In any case, the UN acted, either way to slowly or precipitously, and declared that Gaddafi should stop his attacks on his own people. With that declaration in hand, and the twin requests for a No-Fly zone from the rebel government and the Arab League, several nations have acted. Gaddafi seems surprised by that, but I suppose he just never quite believed all the statements being made. Oh well.
So, there are a couple things unsaid, or just mentioned in passing, and they're the 800 pound gorilla's stalking the Middle East at the moment.
The first, which has been tacitly acknowledged, is that unless the coalition forces actually chose to target Gaddafi himself, which they all agree isn't in their rules of engagement, then the whole situation could well end in some sort of stalemate, with Gaddafi content to sit in Tripoli and the rebels unable to expand their sphere of influence.
In one respect that's a reasonable outcome in the short range, since the whole idea was to save lives. No fighting means no one is dying, although it's clearly a situation that can't last forever. What happens next is anyone's guess, but surely politicians of every persuasion will be complaining one way or the other. John McCain, who until a couple days ago was complaining about the lack of action on a No Fly zone is now complaining because they've got one. Sorry, John, but you can't have it both ways.
Another aspect of Libya, which is always a danger in these situations, is that the next government might be more anti-American.
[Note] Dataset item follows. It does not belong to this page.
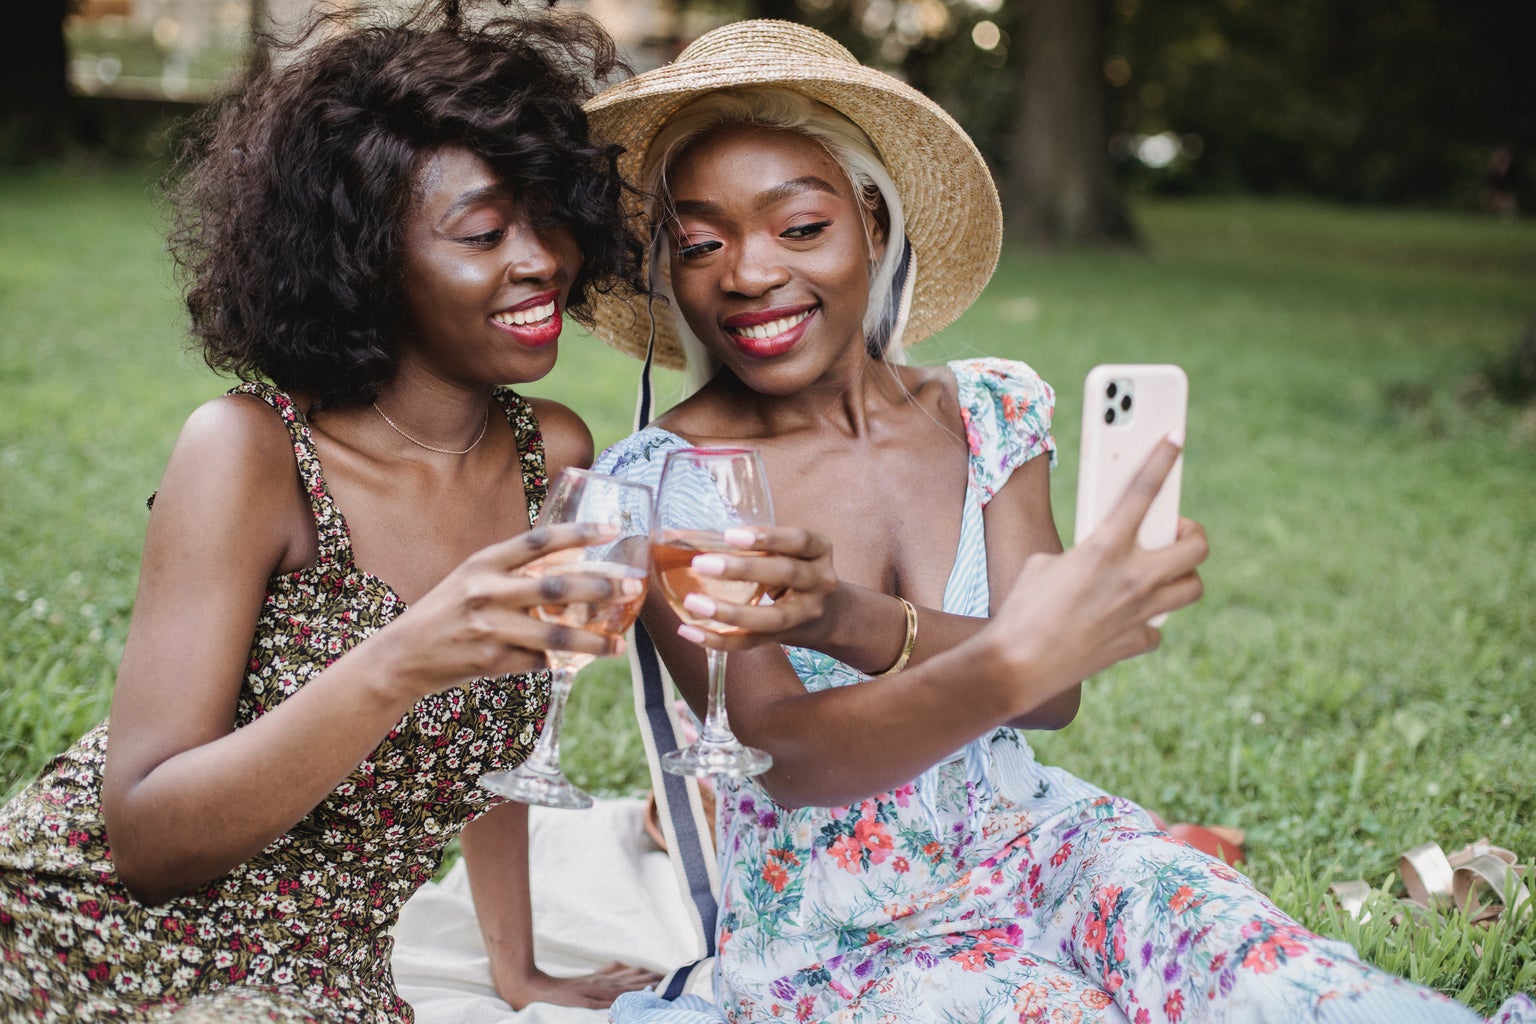 Women taking a selfie together.

That's a risk with a democracy, and there's not a thing we can (or should) do about it. If we truly believe in democracy as a governmental model, then we have to believe that whatever the people vote for themselves is appropriate. In the US we've seen that firsthand, with a bunch of folks decrying the Bush years, and others saying the same thing about the current President.
The other 800 pound gorilla is Saudi Arabia. They have been staunch supporters of the US, but when they look at how we tossed Mubarak and Egypt under the bus, they've got to wonder. I don't disagree that Mubarak needed to go, but it does send troublesome signs to those who read that as some sort of policy change. Bahrain is a similar situation, although the message to the leadership there has been straight-forward: stop beating the protesters and loosen the reigns of freedom a bit. I don't think they're hearing that message, or else they're just ignoring it. It's impossible to tell which right now.
However, with all of this said, let's turn our attention to the daddy of the 800 pound gorillas. The reason the whole world cares as much as they do, and it's not remotely about the "humanitarian crisis," isn't being discussed, at least not directly. In truth, it's one thing, and one thing only: Oil!
The simple answer here, which is so far from the radar screens that it doesn't even register as a blip, is that so long as the world, or more directly the US is dependent upon oil, we'll continue to be drawn into these things, for all the wrong reasons. No, we don't need to be drilling more at home, or in the gulf, or anywhere else. We need to put the effort into alternatives, and cut ourselves loose from foreign policy dictated by economic reality.
As I said in the book: What we need is not evolution, but revolution. The time is now!